Al escuchar que solo unos pocos habían sufrido heridas por usar la Técnica de Ascensión de los Cinco Órganos, Chen Xingzhen asintió brevemente. Rápidamente les indicó que acudieran al salón ancestral para recibir curación del Árbol Divino.
No pasó mucho antes de que los miembros centrales del clan se reunieran en el salón ancestral.
Aunque toda la misión había sido transmitida a través del velo espiritual del clan, Chen Tianjing aún ofreció un relato detallado.
La mayoría de lo que dijo coincidía con lo que esperaban. La única sorpresa fue la repentina aparición de dos cultivadores del Reino Innato.
—Creo que nos venían siguiendo desde la Ciudad Yong’an —opinó Chen Tianyu, pensativo—. Solo que no nos dimos cuenta.
Chen Tianjing asintió ligeramente—él también lo había considerado.
Pero Chen Xingzhen negó con la cabeza y los interrumpió.
—No. Fue el clan Shi.
Alzó la carta que acababa de recibir y la pasó entre los presentes.
Cuando leyeron lo que decía, los rostros de ambos hombres se oscurecieron con furia.

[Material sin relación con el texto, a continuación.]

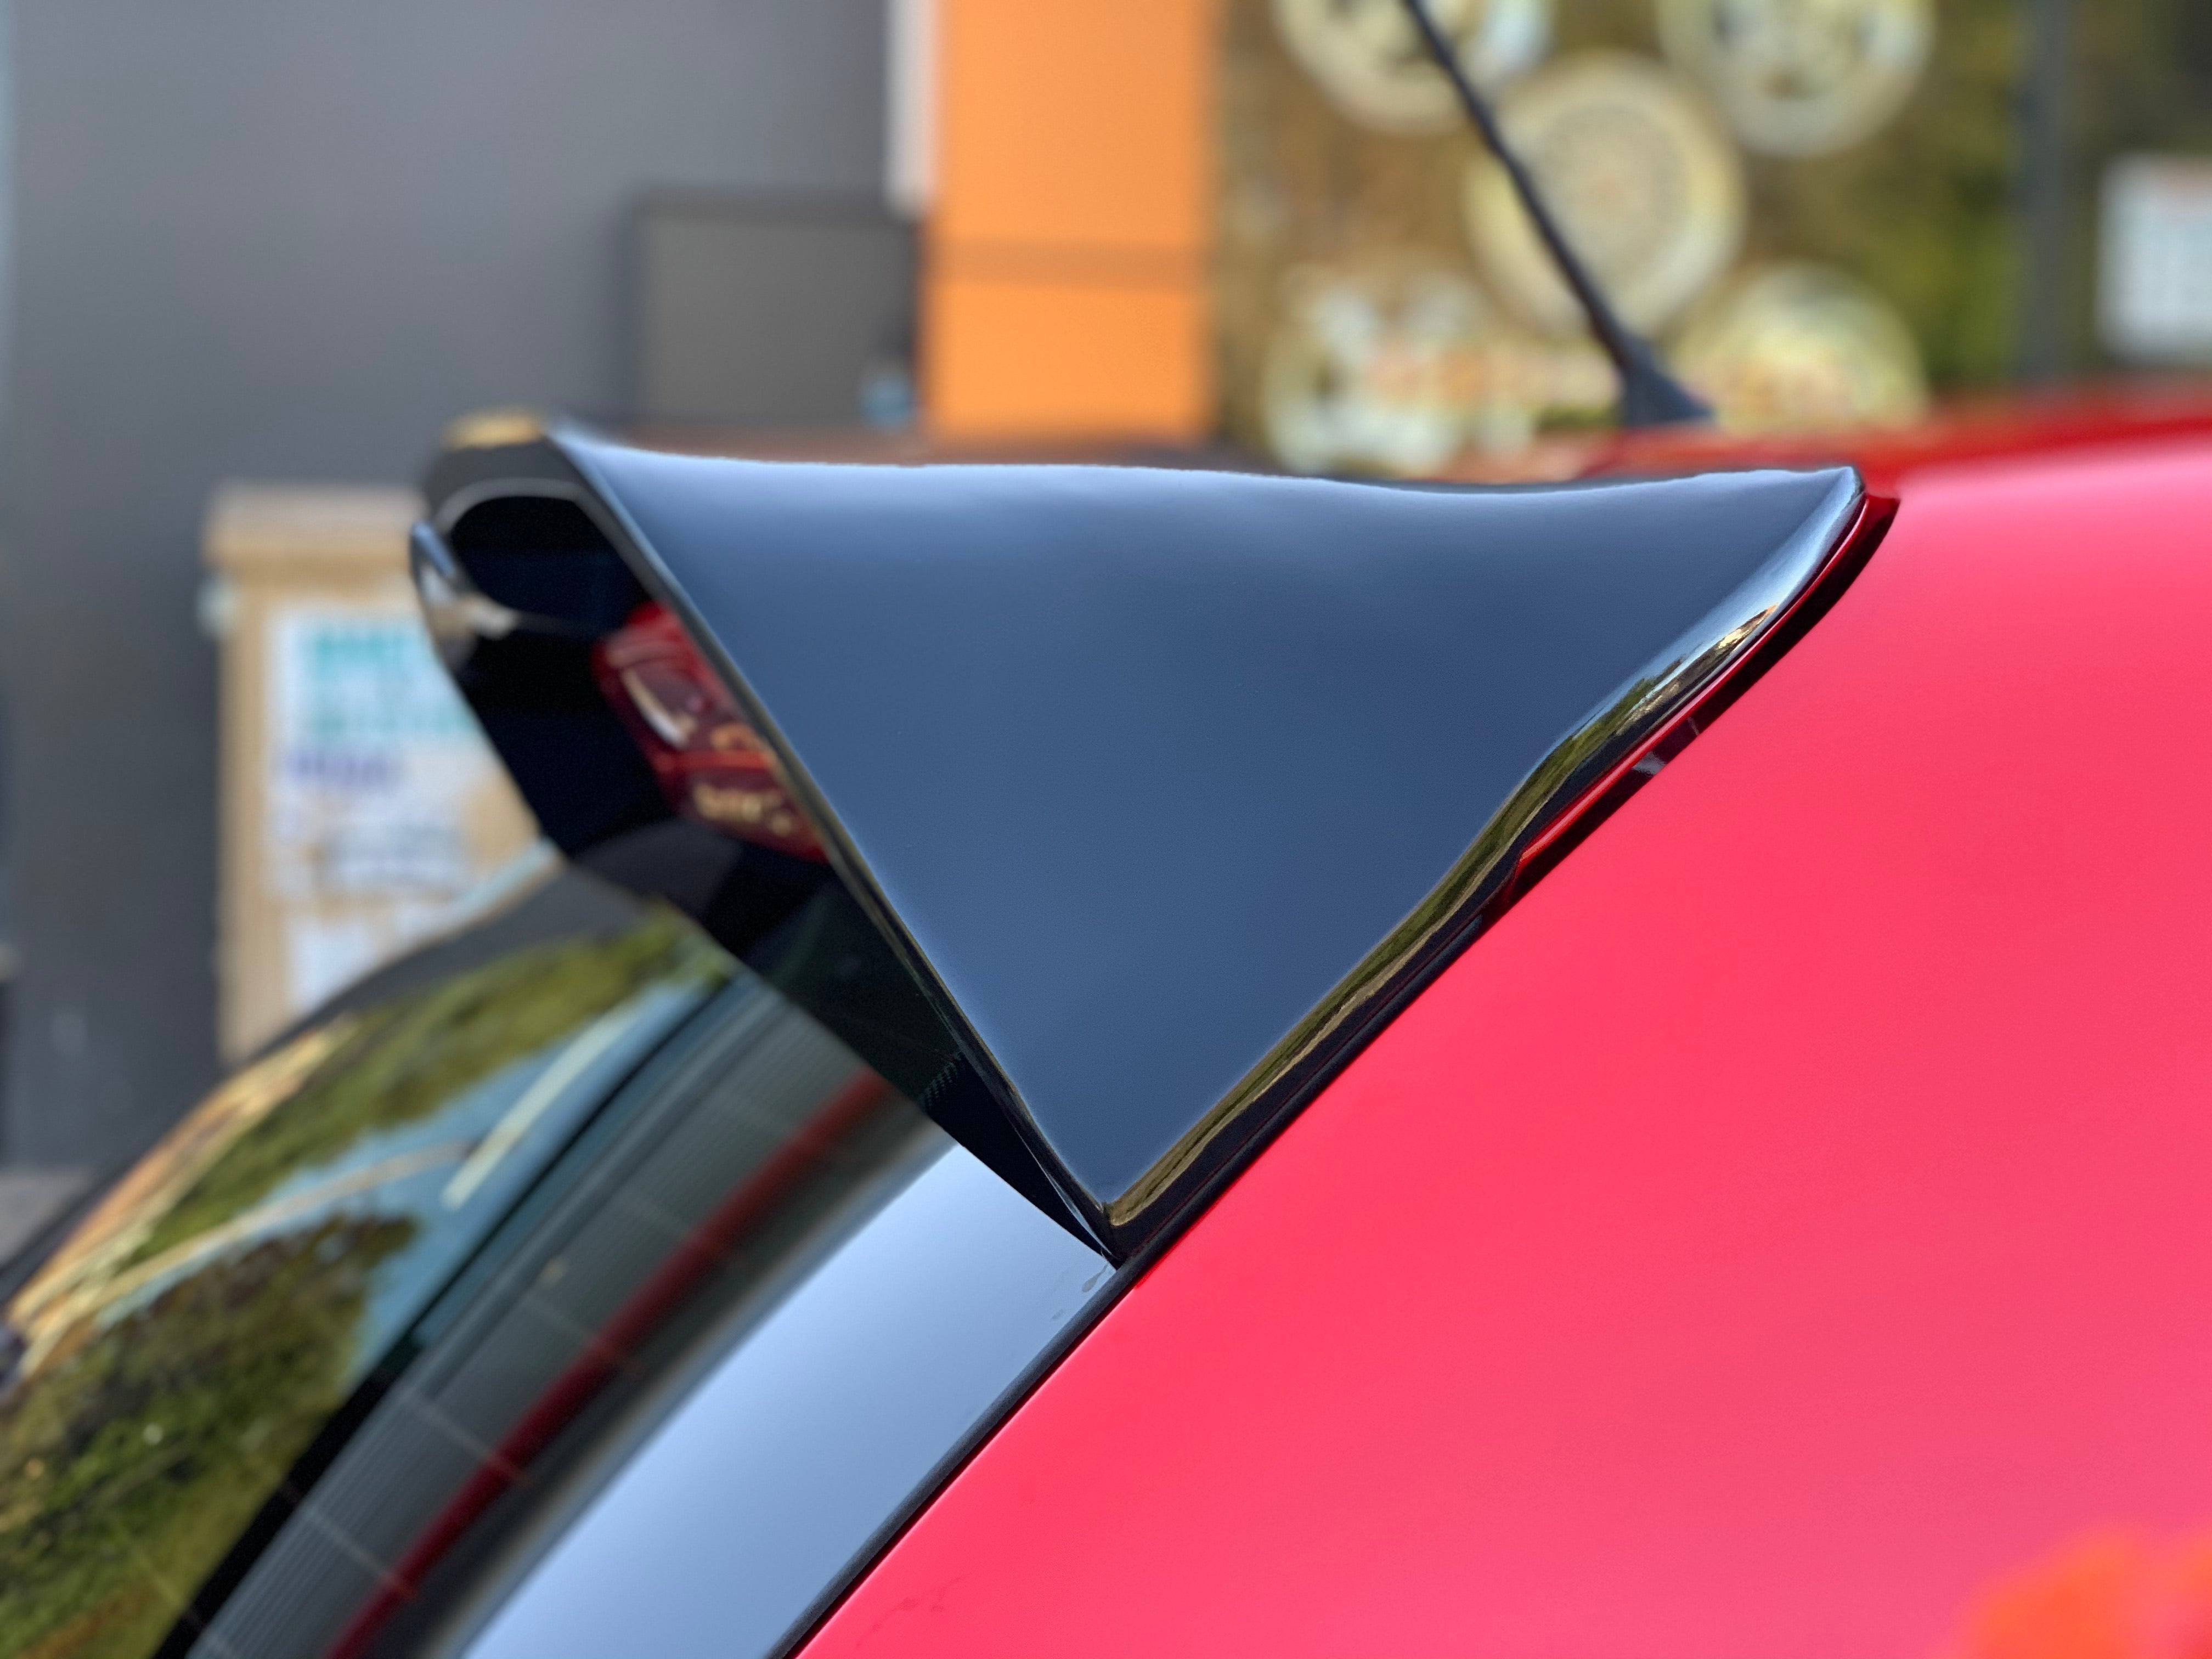 Polo 6 OET ROOFSPOILER - Autostyling Klerksdorp

—¿Así que fue el clan Shi detrás de todo esto? ¡Malditos!
—Qué bueno que Qingyu llegó a tiempo, o la pérdida habría sido devastadora.
A un lado, Chen Qingyu negó con la cabeza.

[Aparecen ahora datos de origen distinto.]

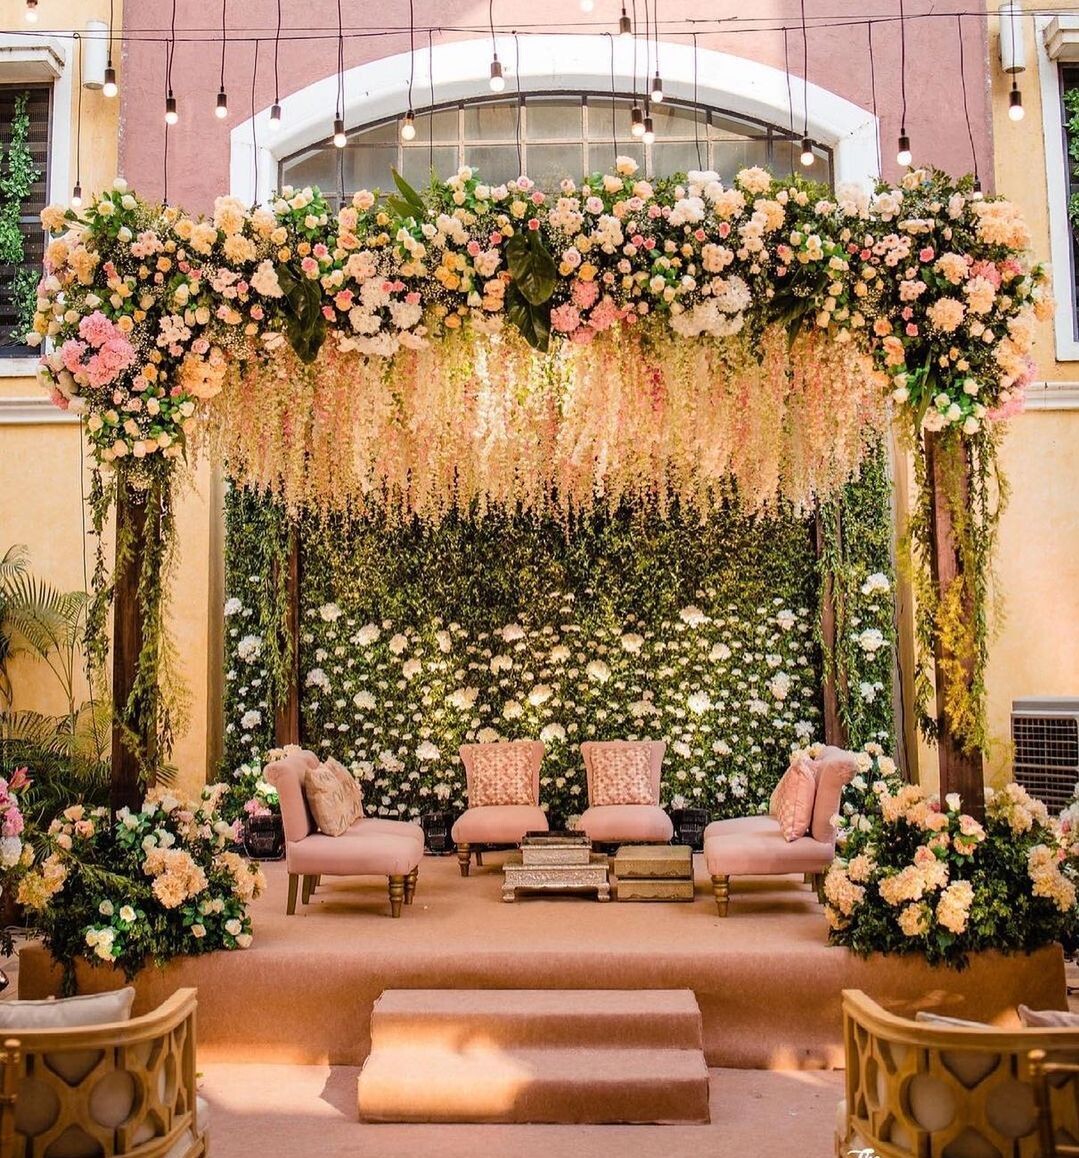 Top 10 Engagement Stage Decoration Ideas for the Most Memorable Start

—Ambos eran cultivadores del Reino Innato. También tenían una extraña piedra divina. Yo sola no habría podido contra ellos. Esta vez, tuvimos suerte de que el Árbol Divino y los ancestros intervinieran.
Al mencionar a los ancestros y al Árbol Divino, Chen Tianjing y los demás parecieron entender.
Aunque nunca habían visto a los antiguos ancianos del clan en acción, todos sabían que sus espíritus persistían en las sombras, listos para proteger al clan.
Lo que los sorprendió fue cuán poderosos se habían vuelto esos ancestros—capaces de eliminar a dos guerreros del Reino Innato.
Aunque el grupo de Chen Tianjing no lo presenció directamente, varios guerreros del Reino de Coagulación de Sangre que habían acompañado a Qingyu sí lo hicieron. Entre ellos estaba Chen Tianlu.
Recordando lo que había presenciado en esos dos días, la expresión de Chen Tianlu brillaba con asombro.
Dos artistas marciales del Reino Innato habían sido impotentes ante los ataques de los fallecidos. De no haber sido por la piedra divina que usaron, no habrían escapado en absoluto.
Antes se preguntaba qué le ocurriría tras la muerte.
¿Ahora? No podía esperar. Quería convertirse en uno de los soldados fantasmas del clan lo antes posible.
Después de todo, los ancianos solían decir que un cuerpo espiritual no tenía límite superior de crecimiento, ni cuellos de botella como los vivos. Para alguien con poco talento como él, eso era un sueño hecho realidad.
Incluso si tuviera décadas, quizá nunca alcanzaría el Reino Innato.
¿Pero cómo espíritu? Tal vez solo tomaría uno o dos años.
¿Quién necesitaba un cuerpo físico? Había muchas formas de proteger al clan. Incluso permanecer como un espíritu vengativo podía ser noble a su manera.
Claro, pensamientos como ese no debían compartirse con los demás.
—Ejem.
Al notar que algunos de los miembros jóvenes del clan se distraían, Chen Xingzhen carraspeó y los trajo de vuelta a la realidad.
Entonces, con voz tranquila pero firme, dijo:
—Si estos dos realmente eran obra del clan Shilin, entonces esa piedra divina probablemente era un efecto del poder del tótem del clan Shilin.
Chen Qingyu y Chen Tianlu intercambiaron breves asentimientos. Todos habían presenciado el poder de esa Piedra Divina—su fuerza no debía subestimarse.
De no haber sido los ancestros del clan quienes soportaron su impacto, tal vez no habrían tenido manera de contrarrestarla.
Aun así, los tótems de clan a menudo encarnaban la fe y aspiraciones del linaje. No era raro que manifestaran poderes extraordinarios.
Lo que el clan necesitaba considerar ahora era cómo responder con inteligencia.